The authority of EU institutions extends to making all trade agreements with countries outside of the union. If this were not the case, member states could make their own trade deals with countries outside the union. If one member agrees a lower tariff rate than the rest, then they can ‘under-cut’ fellow member states by importing cheaply and selling freely into the Single Market. As the Single Market is a customs union with no tariffs on trade between member states, there must be a common external tariff to maintain its integrity.
Accepting EU rules, including the authority to negotiate trade deals, and the ECJ implies a dilution of UK parliamentary sovereignty. In the words of the Prime Minister, Brexit was a vote ‘to restore, as we see it, our parliamentary democracy’. Given the Prime Minister’s interpretation of the Brexit vote, leaving the Single Market is a logical consequence. This should come as no surprise as this was clearly signposted in the Prime Minister’s speech at the Conservative party conference last October.

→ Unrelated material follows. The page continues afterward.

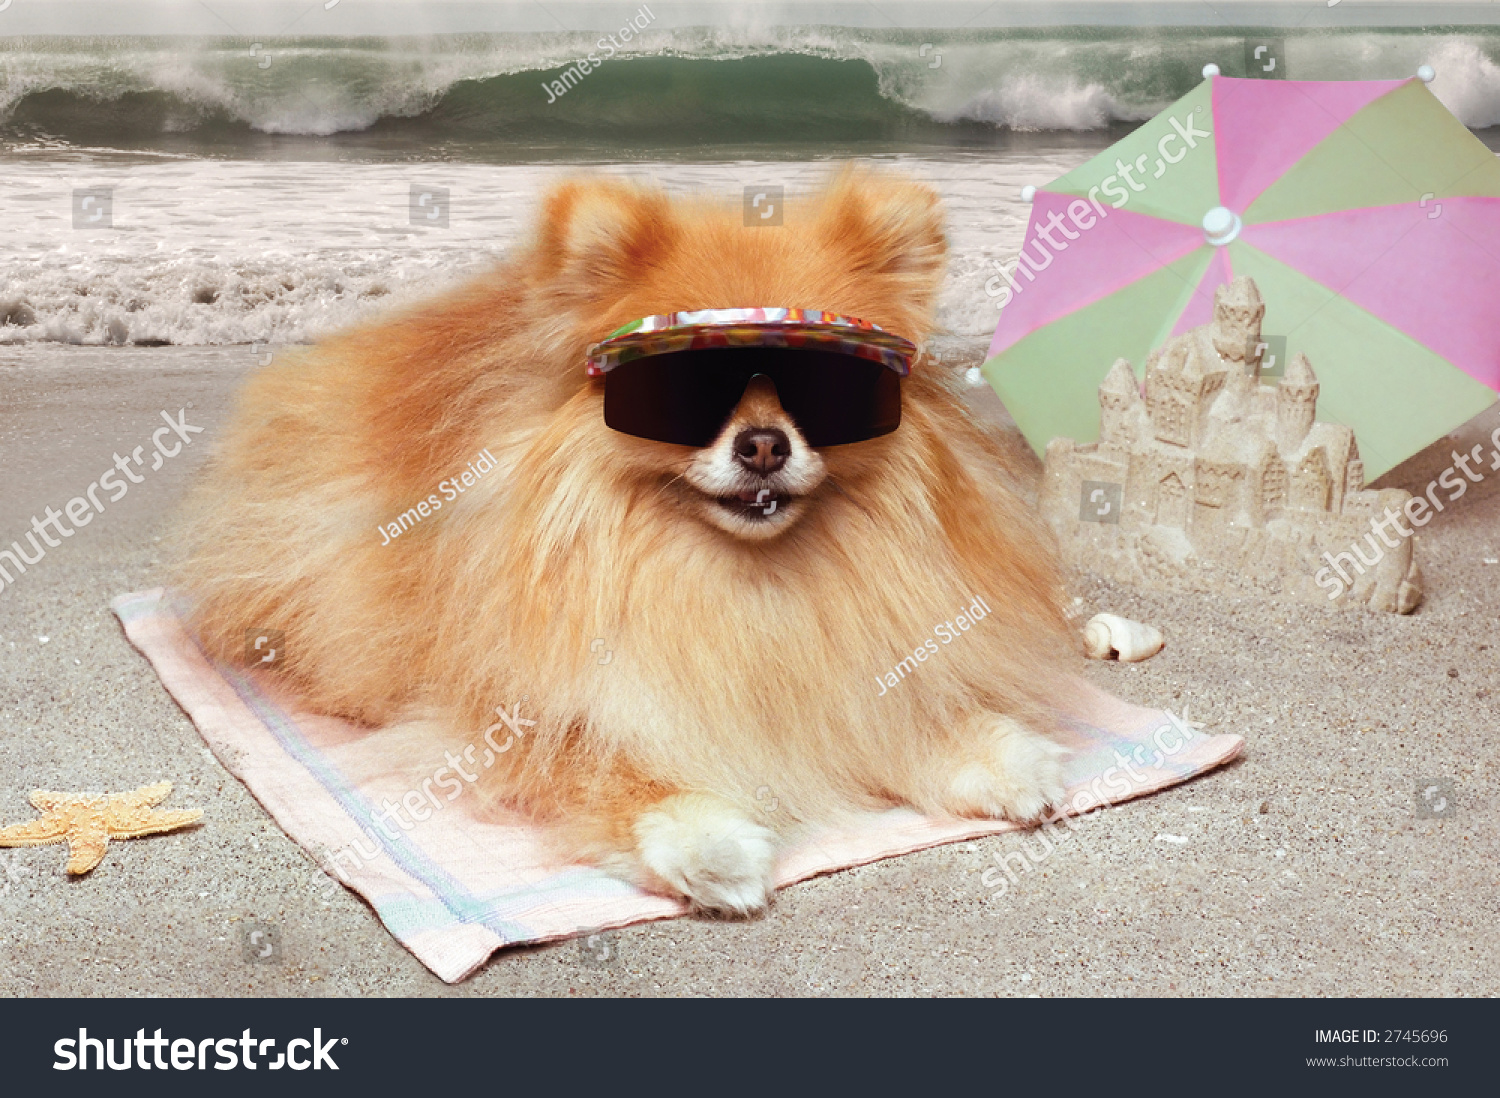 stock-photo-pomeranian-dog-wearing-sunglasses-lying-on-a-towel-at-the-beach-with-sandcastle-umbrella-and-2745696.jpg

But there is no free lunch and there is a cost to leaving the Single Market. The Prime Minister has suggested that this could be minimised by replicating the parts of the EU’s Customs Union for certain industries. And besides, once outside the EU the UK will be free to strike its own trade deals as ‘Global Britain’. The suggestion is that the cost of leaving the can be minimised and any residual loss more than compensate for by new trade deals.
Sectoral customs unions
There are problems with a sector by sector approach to a ‘customs arrangement’. First, for goods to count as being made within a duty-free area they must contain a certain amount of local input defined by ‘rules of origin’. Second, under World Trade Organisation (WTO) rules, a customs union must cover substantively all trade between the two territories (taken to be around 90%). Third, non-tariff barriers that arise outside the Single Market, including multiple customs codes and checks, documentation of origin, product standards and different tax treatments can be at last as costly as WTO tariffs.
The Prime Minister suggested sector agreements for cars and financial services. According to the Society of Motor Manufacturers and Traders, UK produced cars would not satisfy the ‘rules of origin’ and non-tariff barriers would disrupt the existing EU ‘single factory floor’ production process. UK financial services are mostly governed by EU law. As the European Central Bank’s Benoit Cœuré makes clear, for the UK to play its current role outside the EU, there needs to be a new legal framework and a court to maintain the integrity of European finance.
Striking new trade deals
Let’s suppose that once we are outside the EU the UK can strike Free Trade Agreements (FTAs) fast. How much can we gain? The easiest way to look at this is to treat goods and services separately.
FTAs aim to remove restrictions on trade. The benefit depends on the size and proximity of our partner in the agreement times the reduction in the size of the trade restrictions. The main restriction on goods trade is at-the-border tariffs. At present the average EU tariff on imports from countries without a preferential agreement is 4%. If this is the tariff reduction we are offered in return for imposing no tariff, then the potential upside for trade in goods is fairly small.
The real kicker for the UK economy is trade in services. Yet the intrinsic nature of services, how they are traded and restrictions on trade are different to goods. True, some exports of services are across borders, like a German buying insurance from a UK firm over the internet or visiting Scotland to play golf. But there are few attempts to restrict this trade. On leaving the EU there is no common external tariff on services to remove and so no easy hand to negotiate.
Most services are exported through overseas foreign affiliates, such as a UK insurance company in Germany. These are not included in the official trade statisitcs. However, they are subject to all sorts of behind-the-border restrictions, on authorisation, regulation and oversight. There may be good reasons for the restrictions, even reflecting national preferences or they may be purely protectionist measures. But because the EU has a single rule book and court, the idea is that such restrictions eventually disappear – although there is still a long way to go.
For the UK outside the EU to make a comprehensive FTA including services there are some tough choices. The UK can depart from Single Market rules, but it may jeopardise access to its biggest the market. The UK could open-up access to services sectors that are protected within the EU. But the public may be weary of liberalising sensitive service areas such as health. And the UK will still have to agree independent arbitration mechanism no doubt involving foreign judges.
So while it is possible that ‘Global Britain’ free from the EU can make new trade agreements including radical liberalisation of services, the principle of no free lunch will still apply.
By Dr Angus Armstrong, senior fellow at The UK in a Changing Europe.